Our numbers have looked a little...off...this season, and yesterday I discovered why. I beleive that I have fixed the issue, and so you may want to go back to the players page (or to your favorite team) and re-check the numbers, if you've been tracking them all season long (spoiler alert: LeBron James is still at the top).
I've been getting emails about the fact that there were way too many centers in the top 50. At first, I dismissed this as an artifact of small sample size (during the first month or so), but as the season went on, it became an obvious problem: since our rankings adjust for position, it's obviously difficult for half of the NBA's starting centers to be 2-3 times better than the average center, because that's not really how the bell curve works.

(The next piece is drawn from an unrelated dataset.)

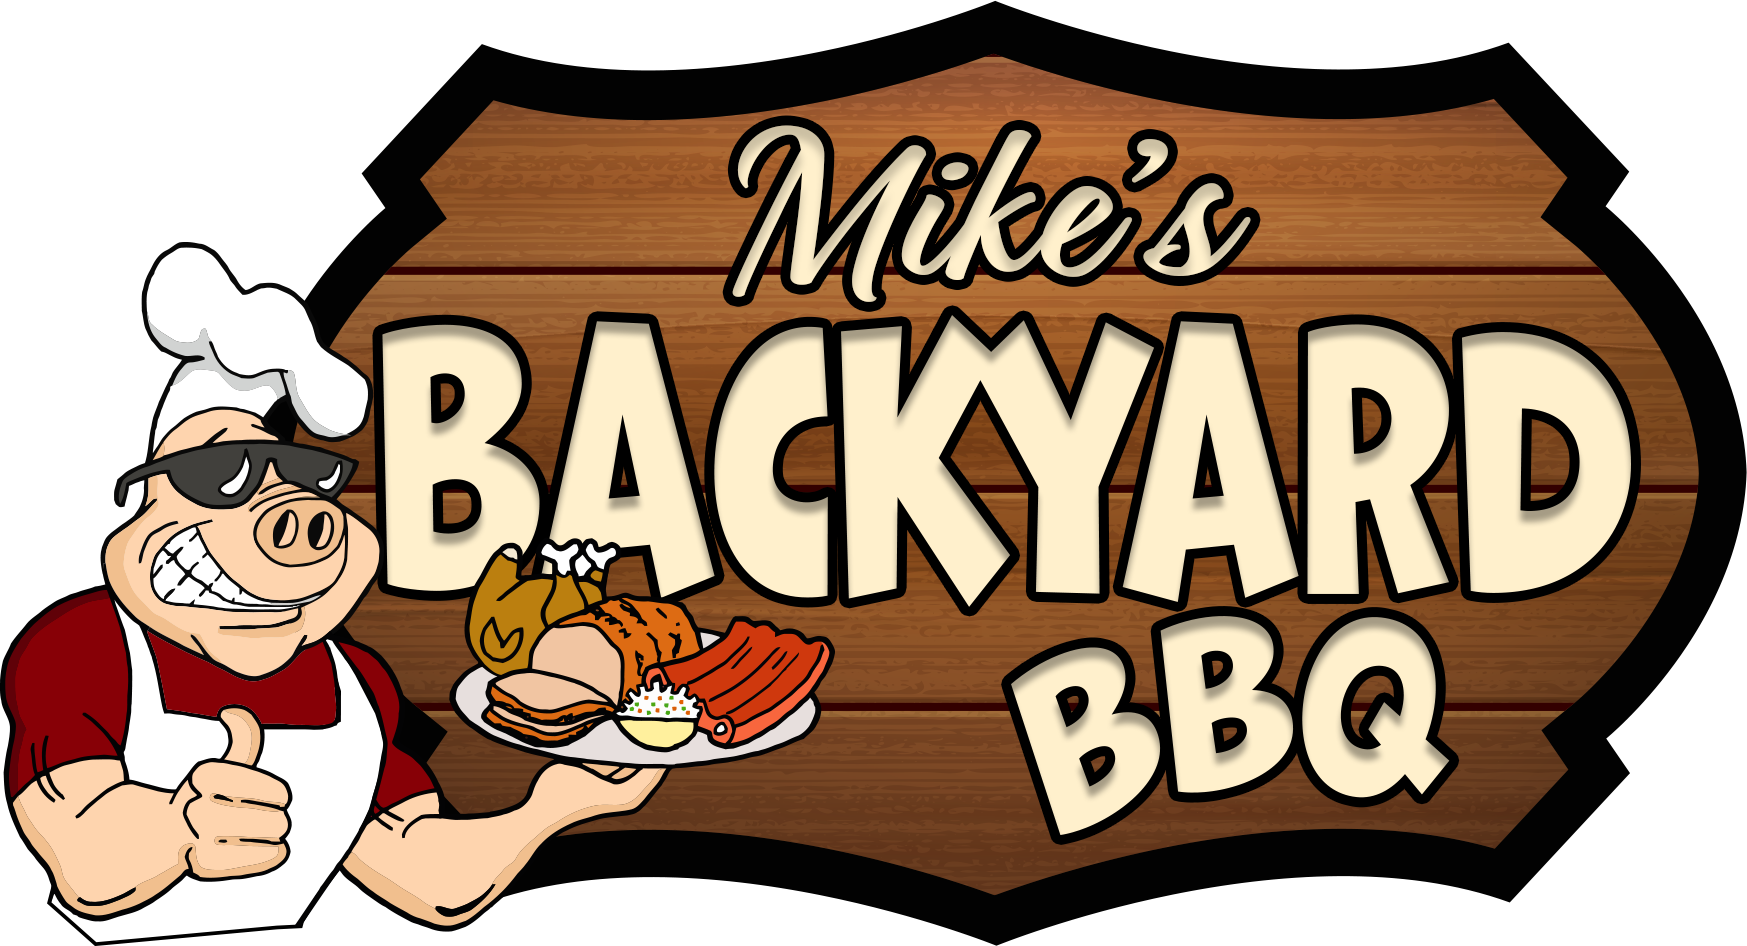 Mikes Backyard Barbecue

So my next suspicion was that the way we combine power forwards and centers into one "big man" position was flawed, because nowadays teams tend to play a lot of players at the power forward who can shoot 3s but not do very much else that big men need to do -- in other words, if nearly half of the leagues "big men" are really just small forwards playing out of position, then the top half of centers is going to look really good by comparison. We've beaten this drum a lot, but small ball lineups tend to work best when your "small" players are really good at things big men tend to do, like rebound or defend the paint. Or when you're "small ball lineup" center is really seven feet tall.
But that wasn't it either. When I took a look at the distribution of minutes played at every position, I noticed that things weren't adding up. At the time I was debugging, Atlanta, for instance, had 16825 player minutes, but only 16715 minutes from players' total playing time, and only 9754 minutes from all the "time spent playing X position" minutes.
First I discovered that Andrew White was missing. That explained the missing 110 minutes from total time. Then, I discovered that the math that we use to distribute playing time by position, which we do down to the second in granularity, had a problem:
if seconds_played == 0
self.seconds_played = self.minutes * 60
end
Well -- it looks like we only convert minutes into seconds when it's 0
. That can't be good. And indeed, it turns out that there used to be a line in the daily parsing that converted minutes
into seconds_played
, and somewhere around a month into the season I deleted that line (why would I delete that line!?), meaning that minutes
kept updating, but seconds_played
did not. I should probably change seconds_played
to just be a derived field -- I frankly have no idea why there are two fields that both measure time played (I blame my past self, he's a bit of an idiot), but that's a refactor for a future date. So, since the minutes (seconds) played at each position just didn't add up to the team's (and therefore the league's) total minutes played, this skewed a lot of the averages.
So...we're sorry about that. I'm in the process of building some interactive tools that give you better insight into how our numbers are generated, which will hopefully make mistakes like this a lot more obvious in the future.